Data provided

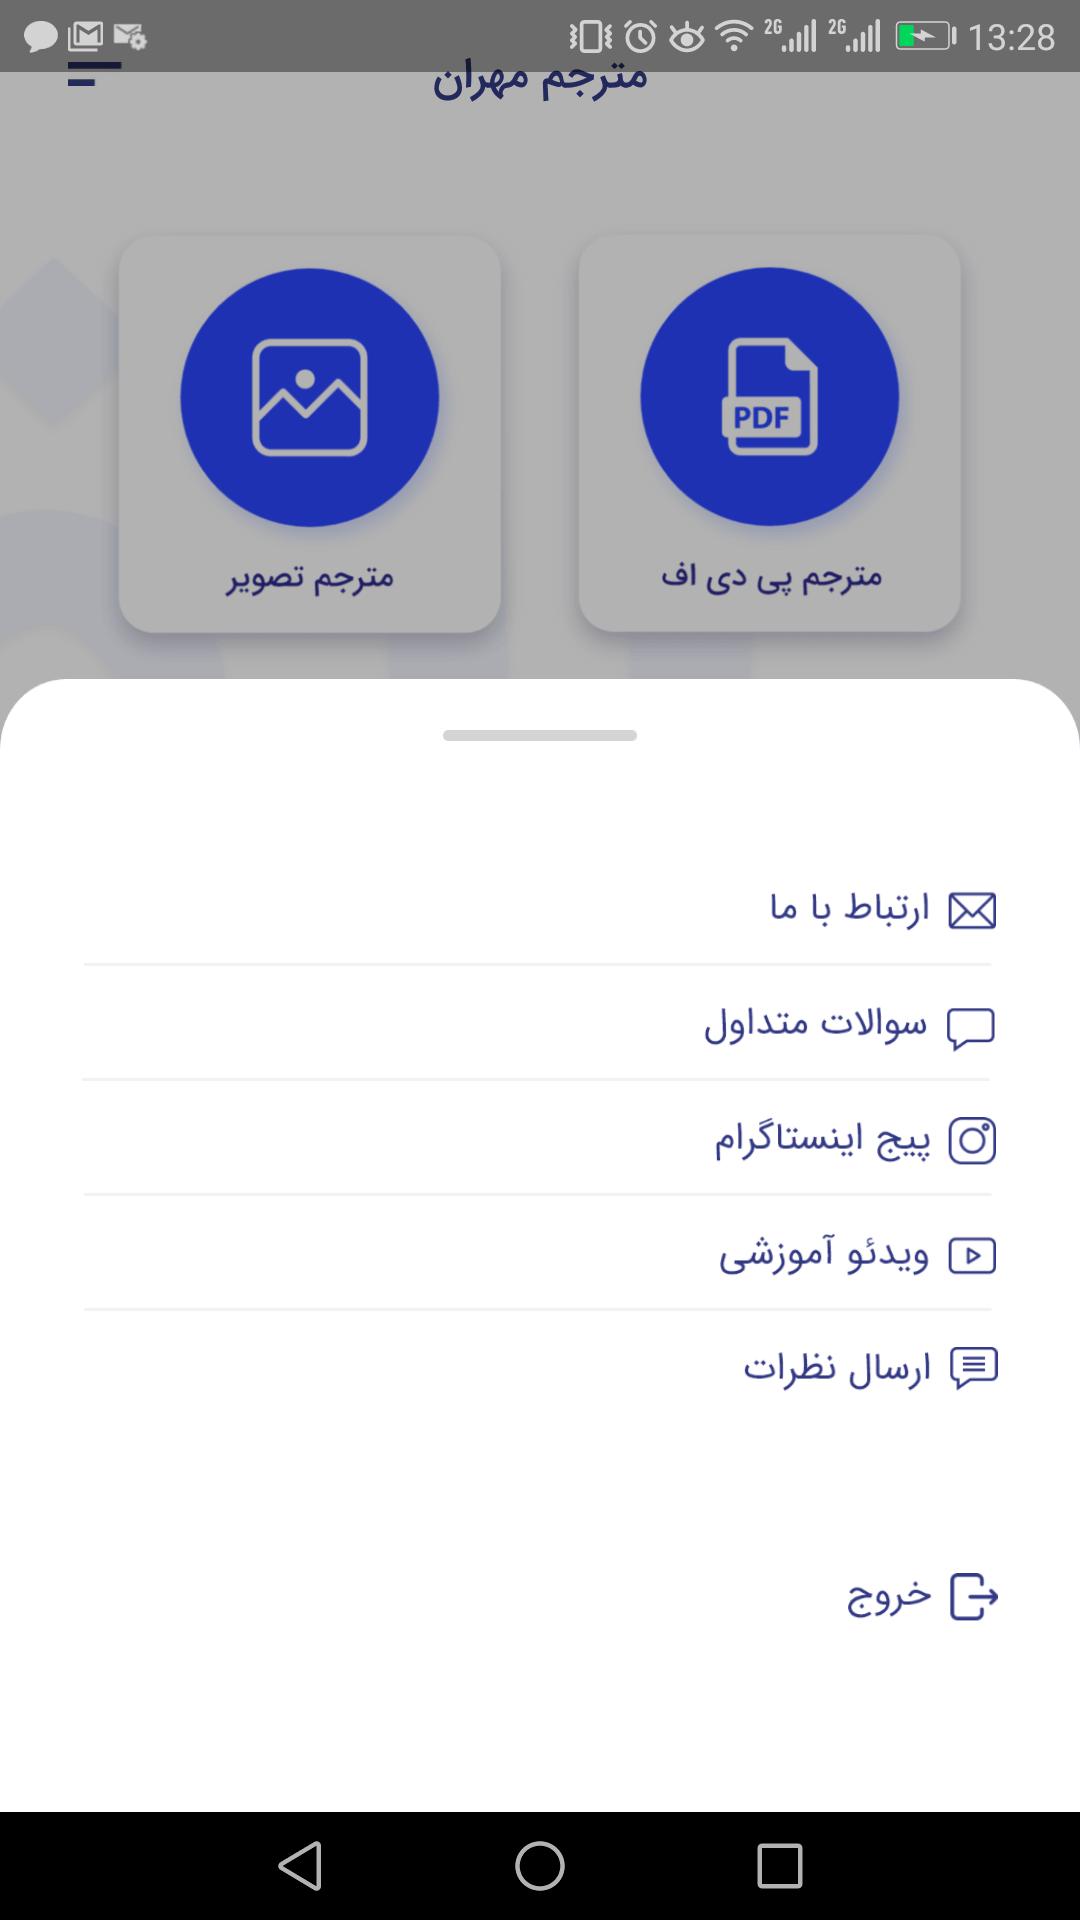 منوی کشویی اپلیکیشن مترجم مهران - چیکاو
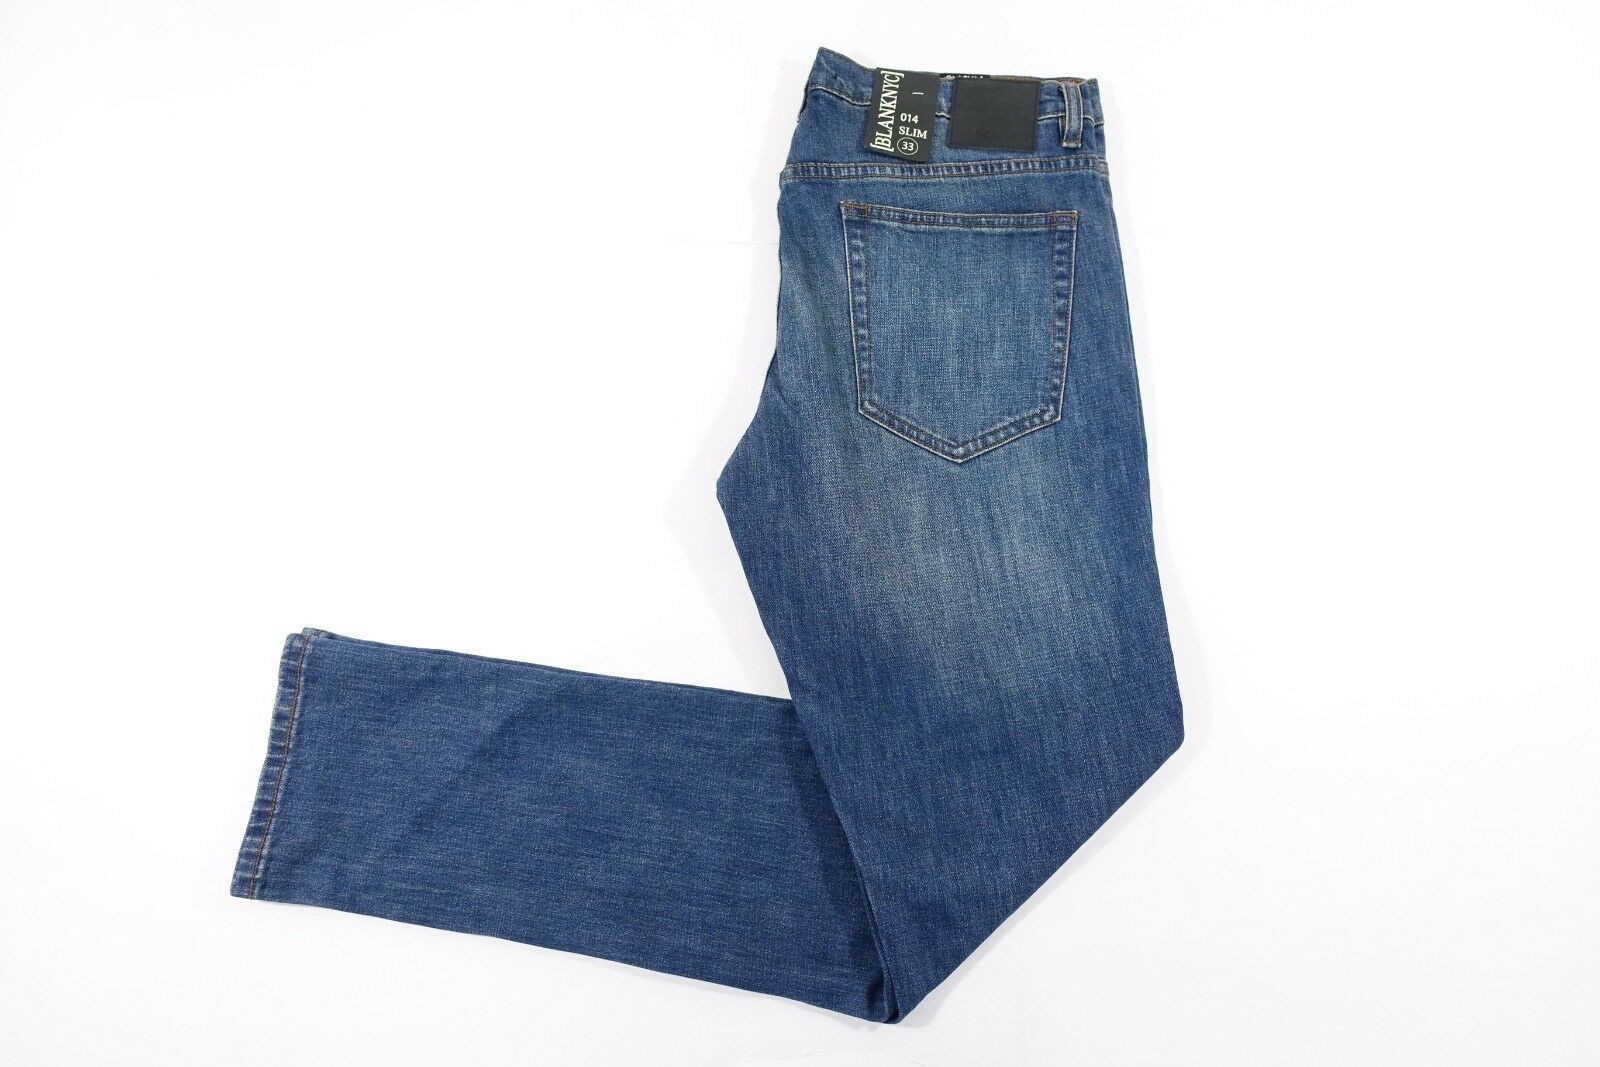 Blanknyc Blanko Nyc Blau 30 014 Slim Fit Jeans Herren Nwt  | In hohem Grade geschätzt und weit vertrautes herein und heraus  | Verkauf  | Billig
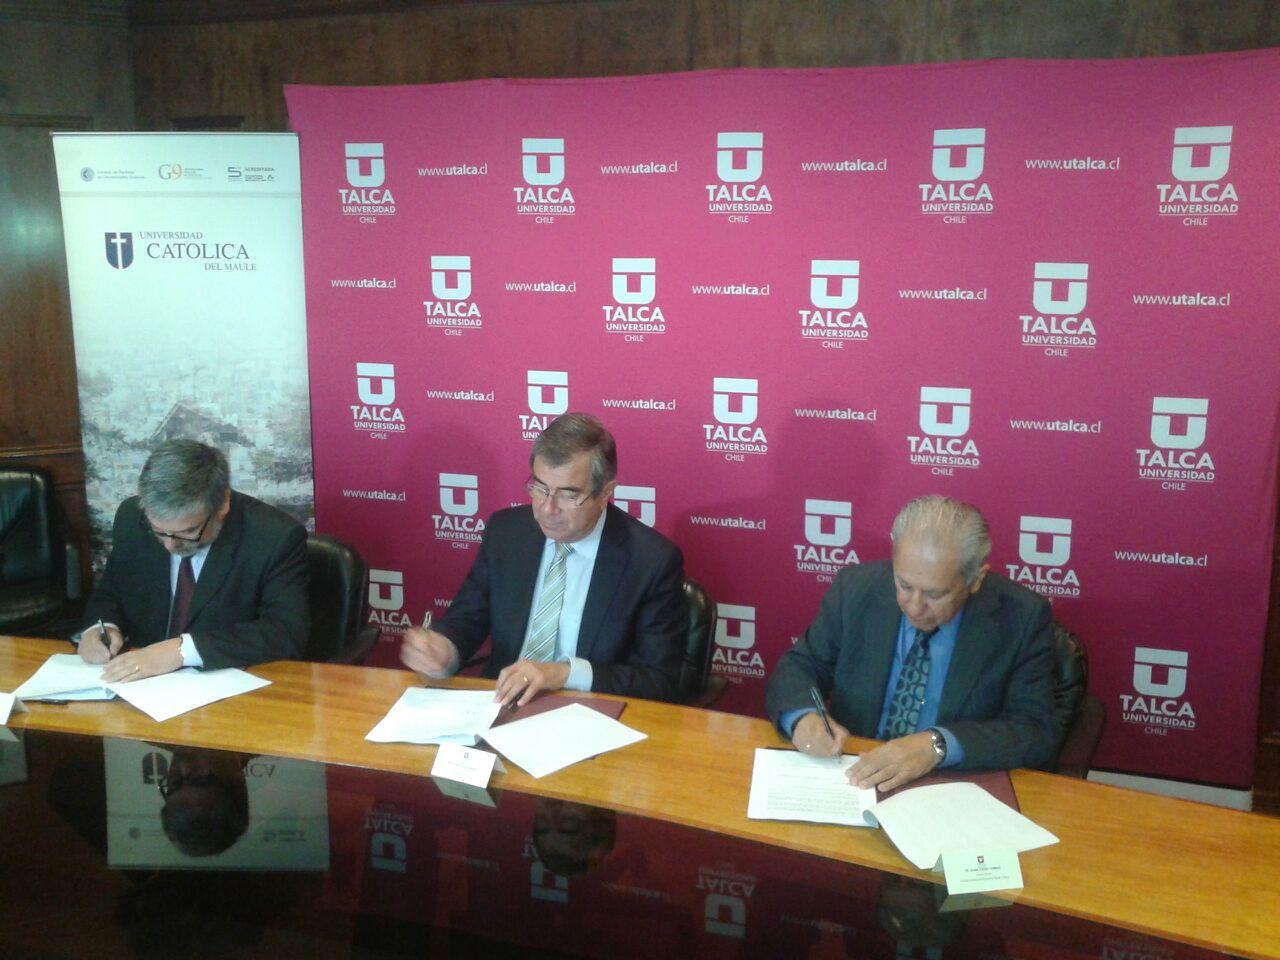 Universidades firman acuerdo para formación de especialistas médicos en la región
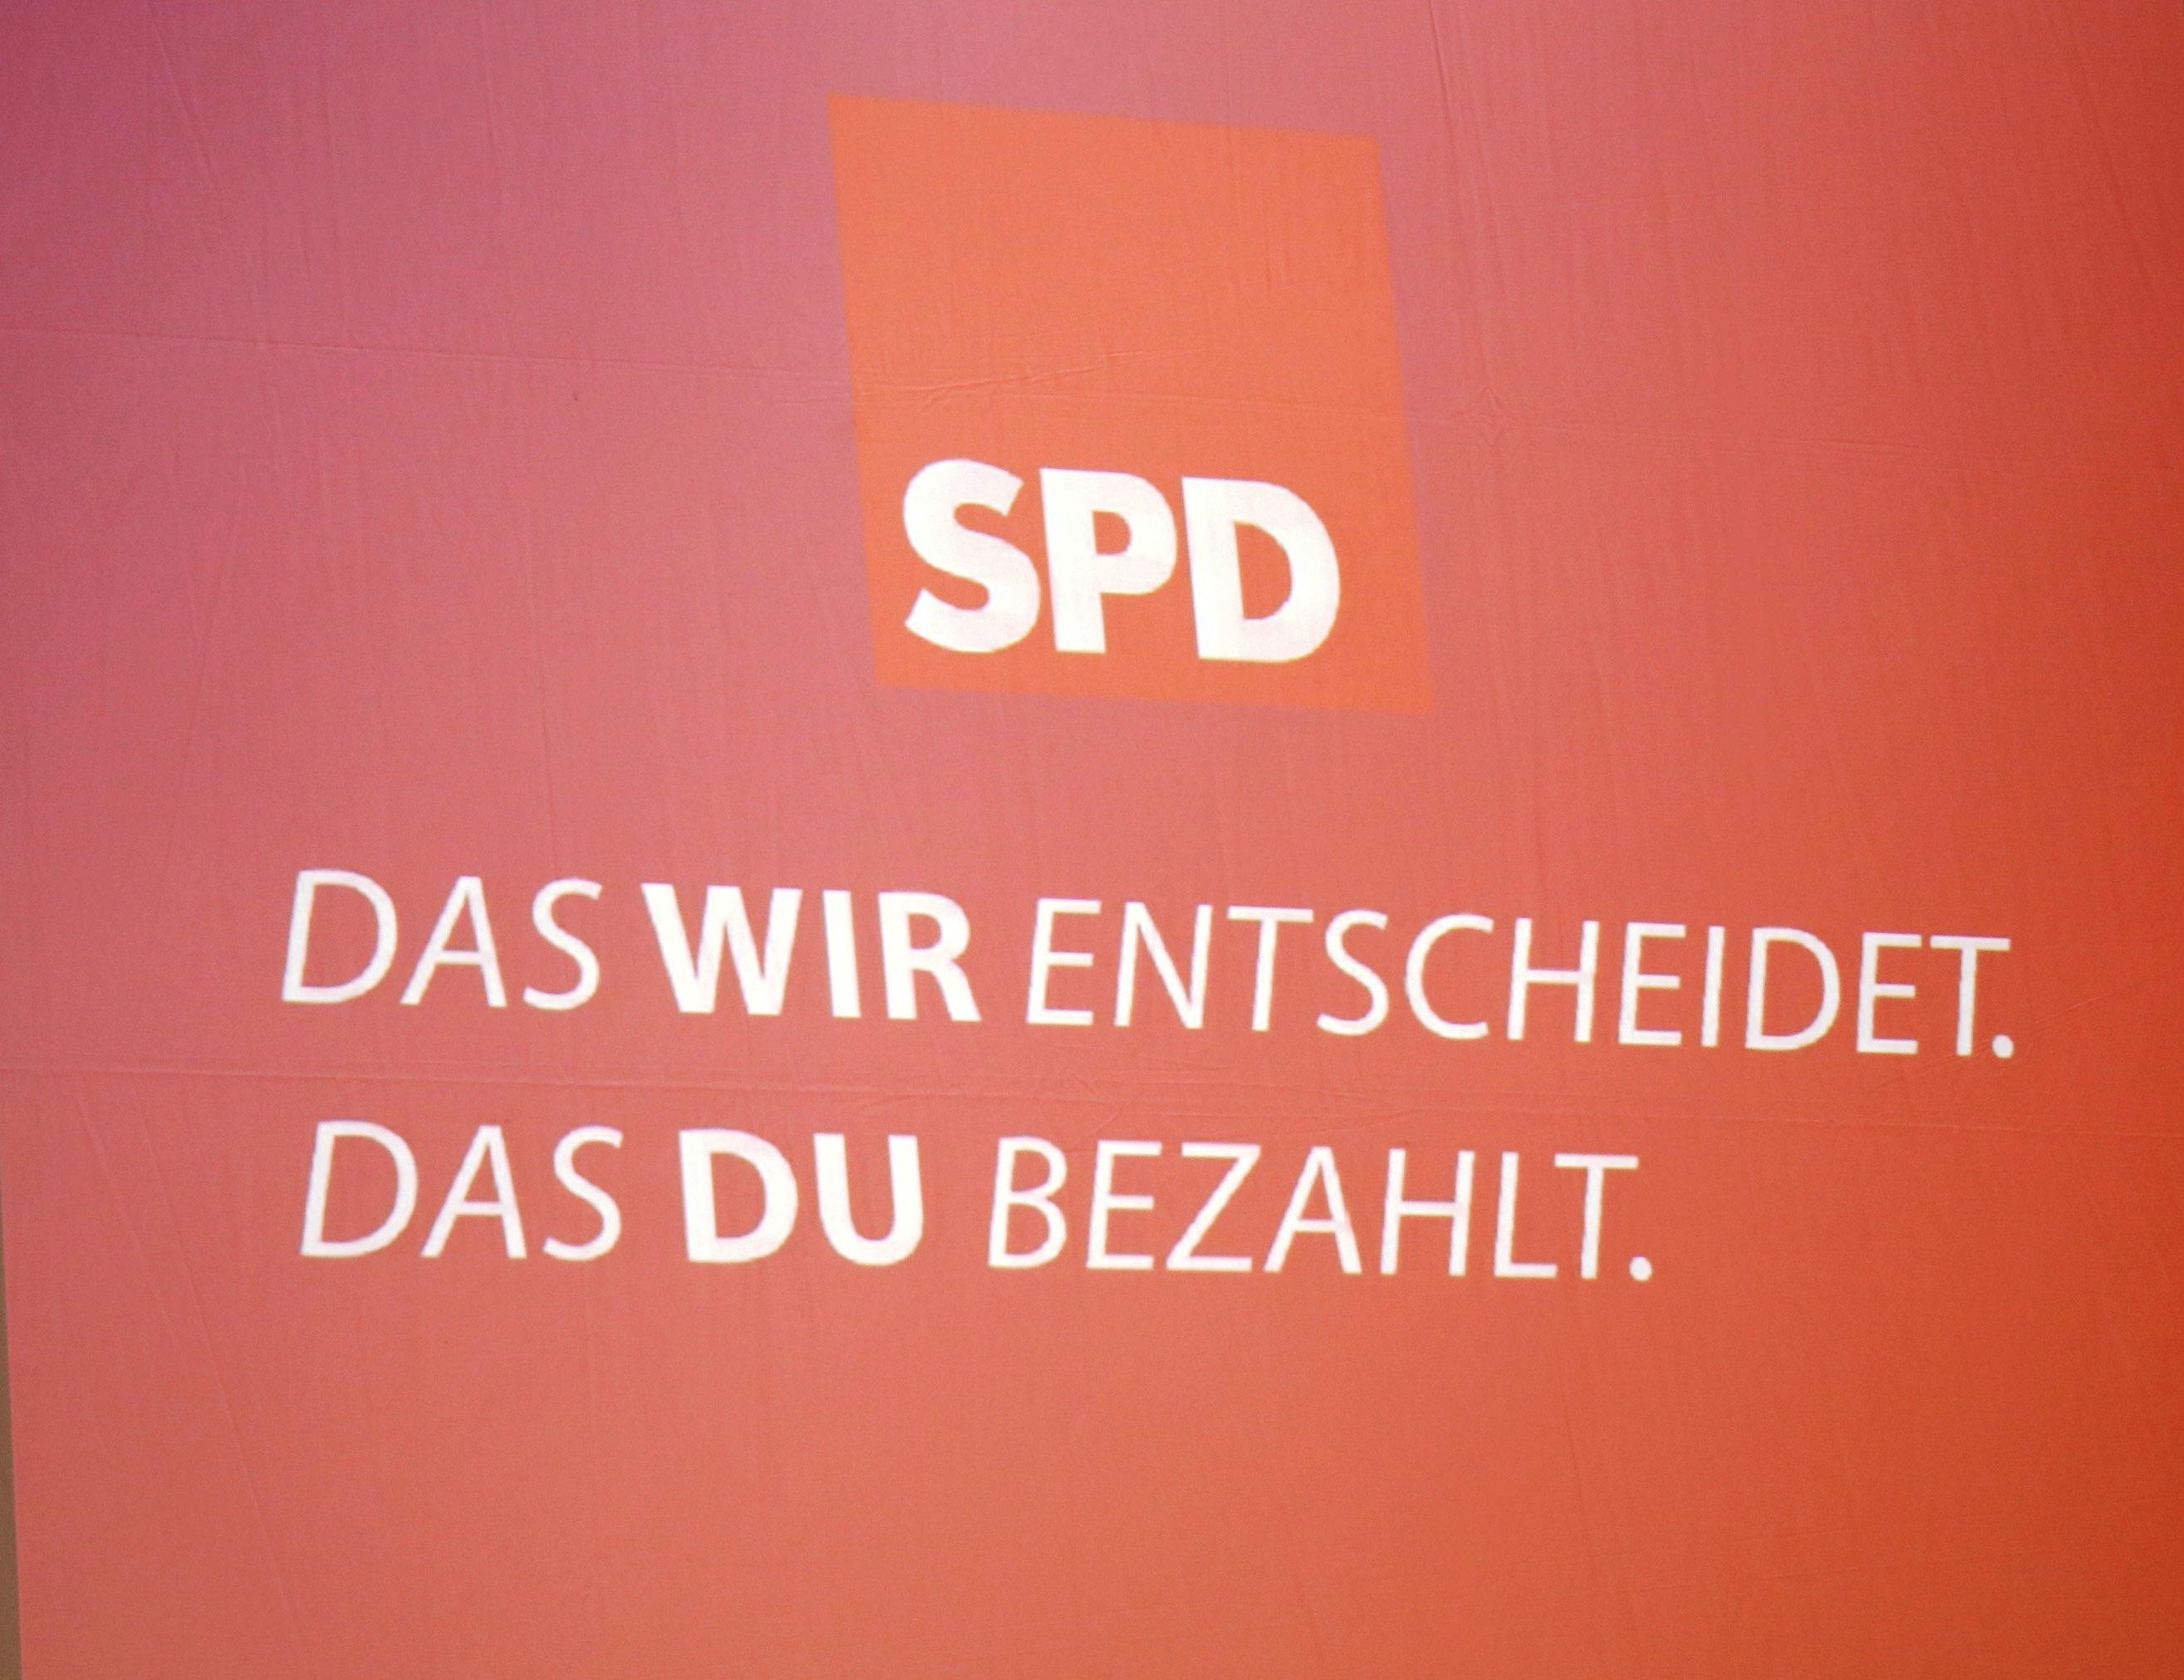 Flughafen Hahn: AfD stellt Strafanzeige gegen SPD-Innenminister Roger Lewentz

Problem details
Repeat the material above exactly. Leave every picture out of it.

Answer to the problem
 منوی کشویی اپلیکیشن مترجم مهران - چیکاو
 Blanknyc Blanko Nyc Blau 30 014 Slim Fit Jeans Herren Nwt  | In hohem Grade geschätzt und weit vertrautes herein und heraus  | Verkauf  | Billig
 Universidades firman acuerdo para formación de especialistas médicos en la región
 Flughafen Hahn: AfD stellt Strafanzeige gegen SPD-Innenminister Roger Lewentz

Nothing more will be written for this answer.